A variety of documents are (or may at some point be) required before and during your research stay.
In addition, certain documents must first be officially verified before they can be accepted for use by German authorities. Find out more under “Legalisation”, “Apostille”, “Authentication” and “Notarisation” below.
Verifying foreign documents for use in Germany: Apostille or Legalisation?
Certain foreign-issued public documents must undergo an official verification process before they can be used by German authorities. This is to determine that they are both authentic and correct. There are two ways of confirming the authenticity of a foreign public document: Apostille or Legalisation. The main difference is in who gives the confirmation and how fast.
Legalisation: Traditionally, confirmation of authenticity is given by a consular officer of the state in which the document is to be used, only after it has passed through a confirmative chain of authorities including those of the state that originally issued the document.

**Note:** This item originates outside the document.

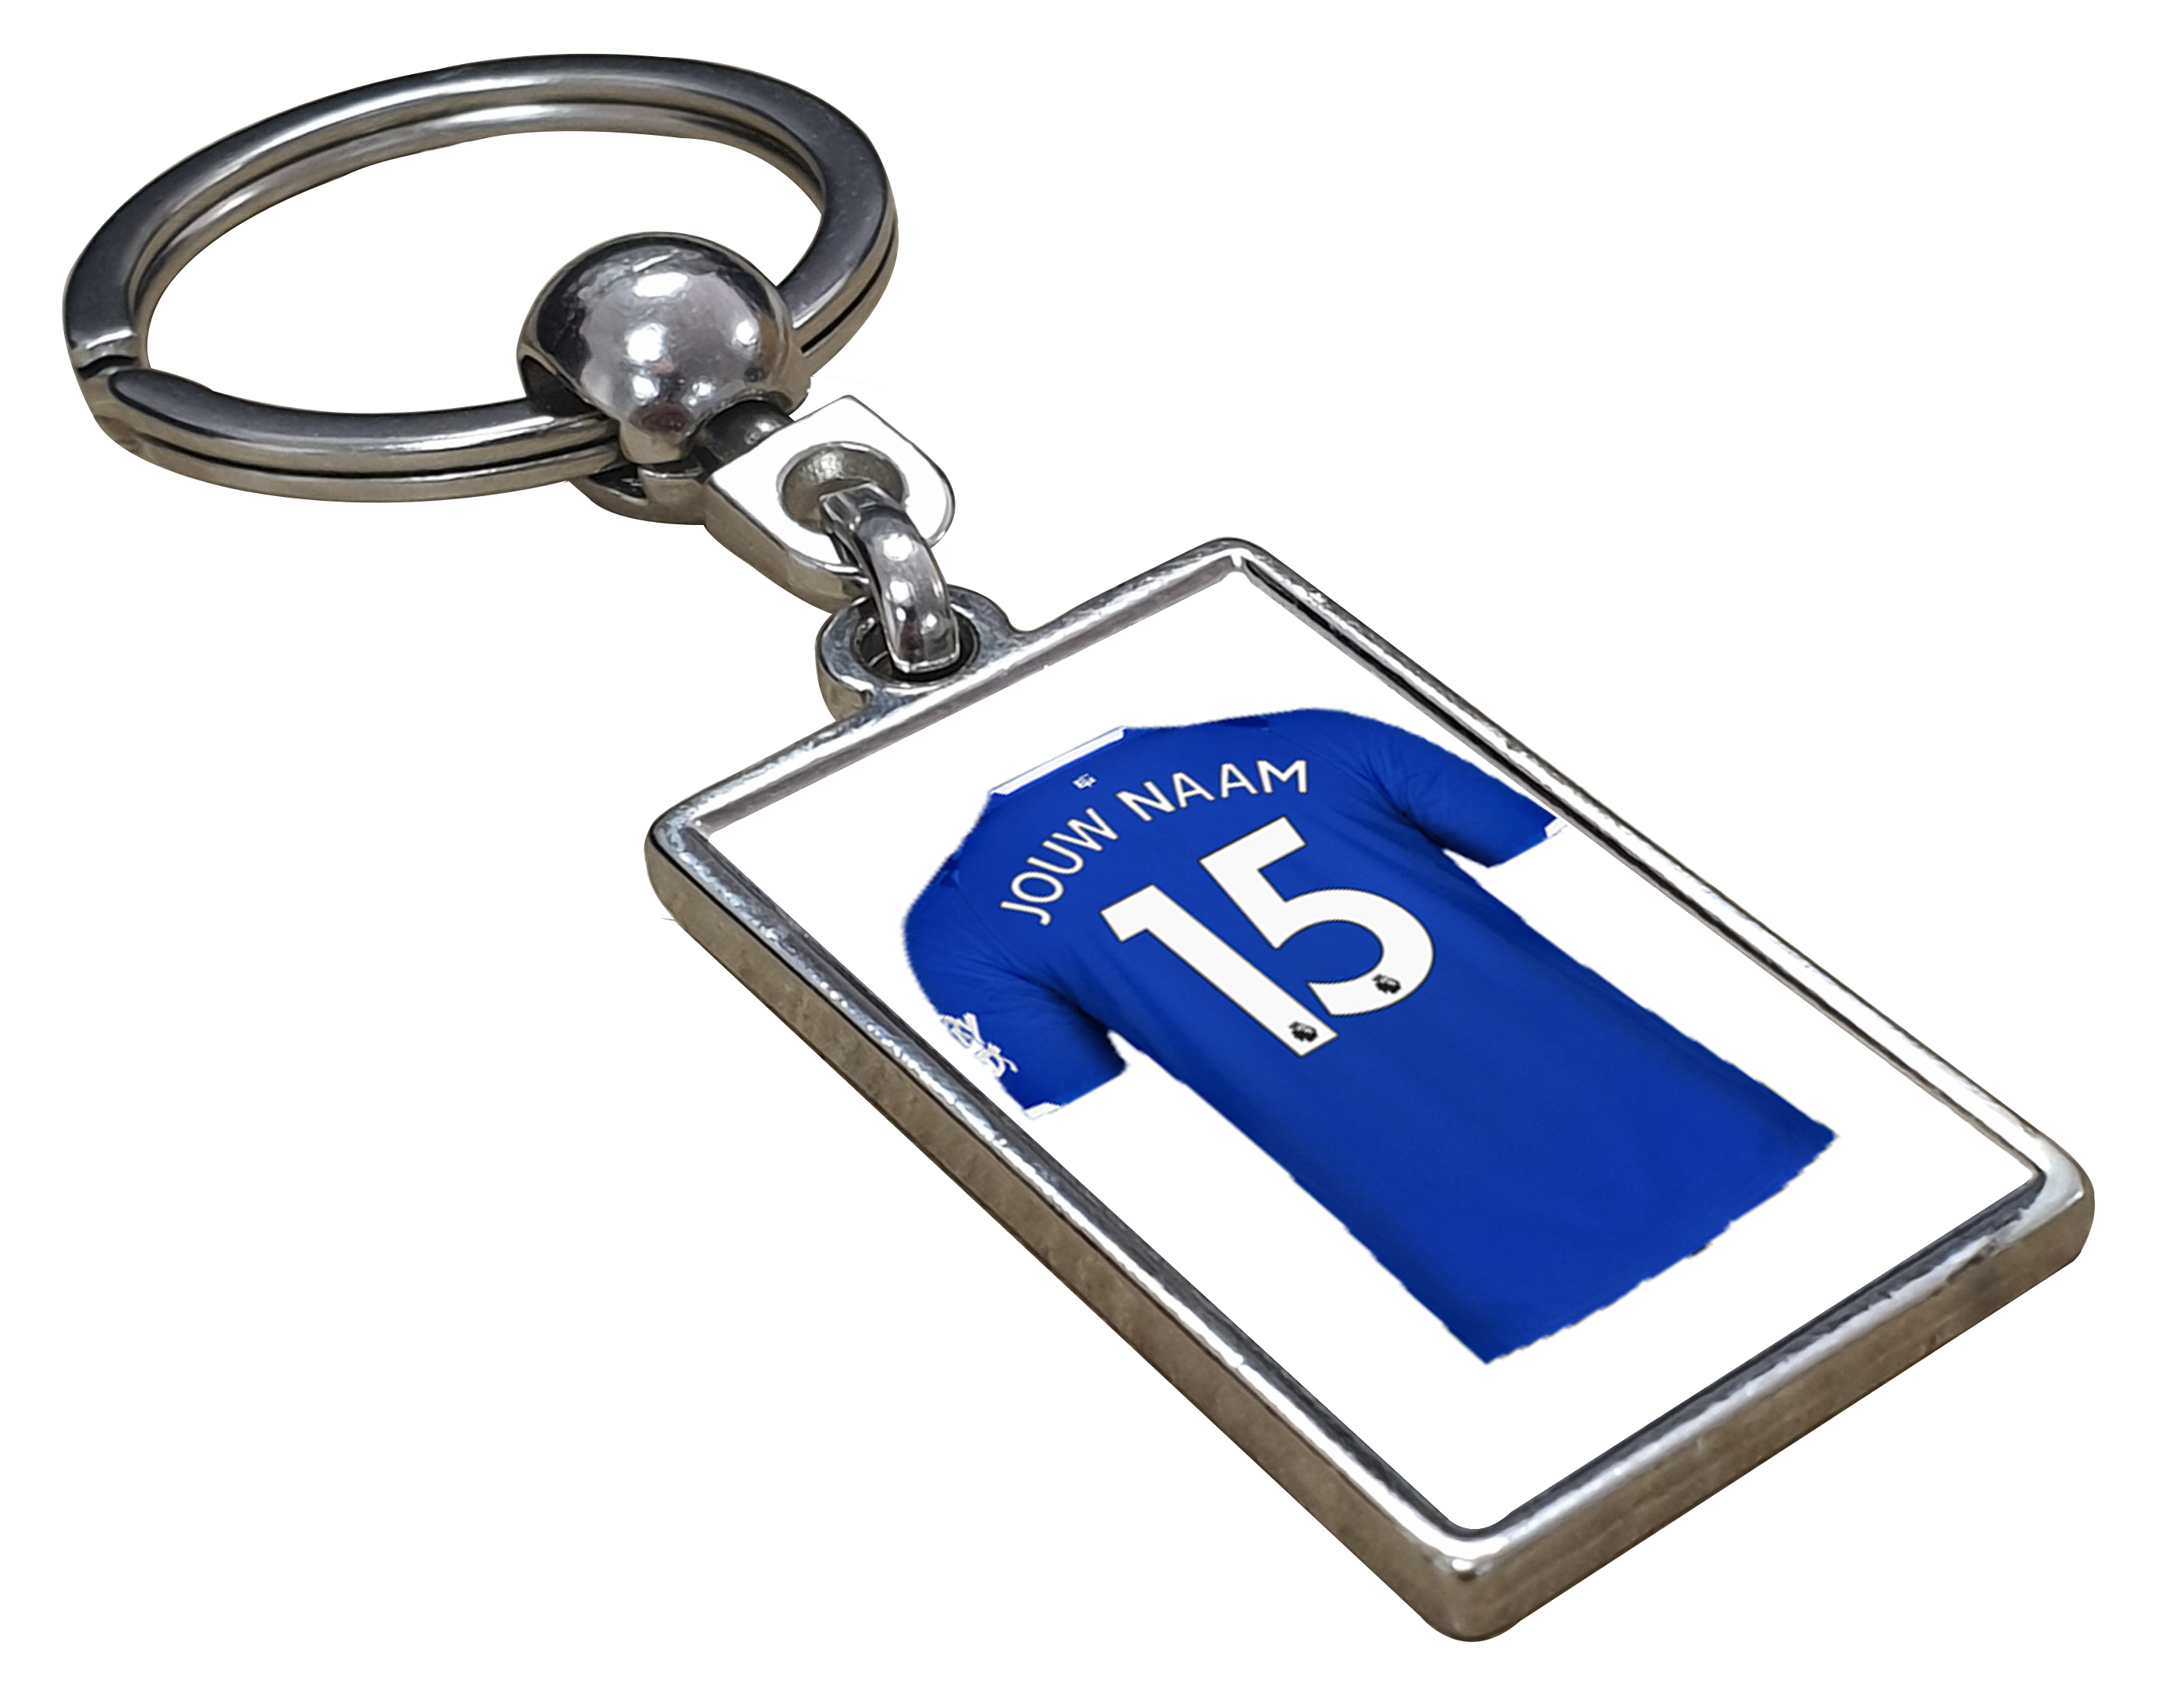 Everton Shirt met Jouw Naam - Gepersonaliseerde Sleutelhanger met Jouw Naam en Nummer

This process can take several weeks or even months.
Apostille (short for The Hague Apostille): To simplify and speed up the traditional legalisation process, many countries have agreed on a treaty called the Hague Convention. If both states concerned with a document are party to this agreement and consider the document public and requiring legalisation, authenticity of the document can be confirmed by a designated Competent Authority of the state that originally issued the document, rather than a consular officer of the state where the document is to be used. This makes it considerably easier and faster to obtain (in most cases, within only a day). For more information see the brochure The ABCs of Apostille (PDF).

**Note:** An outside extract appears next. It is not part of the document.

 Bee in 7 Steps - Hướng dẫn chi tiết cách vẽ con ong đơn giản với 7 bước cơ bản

Verifying German documents for use in Germany: Authentication or Notarisation?
Certification/Authentication (Beglaubigung): Certifies merely that an original and a copy of a document are complete and identical or that a signature under a document was made by the undersigned in the presence of an officer. Usually the entity that issued a document will be competent to authenticate its copy or signature. For example, copies of documents (e.g. degrees) issued by TU Dresden can be authenticated by designated university staff (see below), whilst most other public documents need to be authenticated by officers of a local Citizens’ office (Bürgerbüro). Civil status documents such as birth certificates can only be authenticated by the Civil Registrar’s Office who issued the original document.
Notarisation (notarielle Beurkundung): A special notarial act which certifies that certain persons have signed a document in the notary’s presence and were previously informed of its contents. The laws of each country specify exactly when this form of authentication is required.
Verifying German documents for use in another country: Certification AND Apostille/Legalisation
If you would like to use a German public document (e.g. a degree certificate) in another country, you can have its authenticity verified as described above. First you may need a certified one-sided copy of your original, especially if the original is a two-sided document (see above for certification/authentication). You can then have an Apostille issued for this certified copy by the Competent Authority in Germany. If the target country where the verified document is to be used is not a partner of the Hague Convention, please talk to us about how to get a legalisation of your German document.
Whom to contact
Legislation (of a foreign document for use in Germany)
The German embassy or consulate in the country where the original documents were issued.
Apostille (for a foreign document for use in Germany)
Apostille (for a German/Saxon degree certificate for use in another country)
The Landesdirektion Sachsen (State Directorate of Saxony) is the Competent Authority according to the Hague Convention who may issue an Apostille for degree certificates (e.g. a doctorate degree) obtained here in Saxony. For one-sided originals, the Apostille will be attached directly to the back of the original document. For two-sided originals, a certified one-sided copy needs to be obtained first from the university that issued the degree before an Apostille can be made out for it.
- For any documents issued by TU Dresden no longer than 2 years ago: Dezernat 8
- For any documents issued by TU Dresden longer than 2 years ago: TUD Archives
- For any public documents (with the exception of civil status documents): a local Citizen’s Office (Bürgerbüro).
- For a civil status document issued in Dresden or to have a civil status document issued for the first time (e.g. a birth certificate for a Dresden-born child) either visit the Civil Registrar’s Office (Standesamt – Urkundenstelle) in person or use their online application form at: xUrkundenportal.
- For a notarisation (notarielle Beurkundung), contact a notary within your jurisdiction.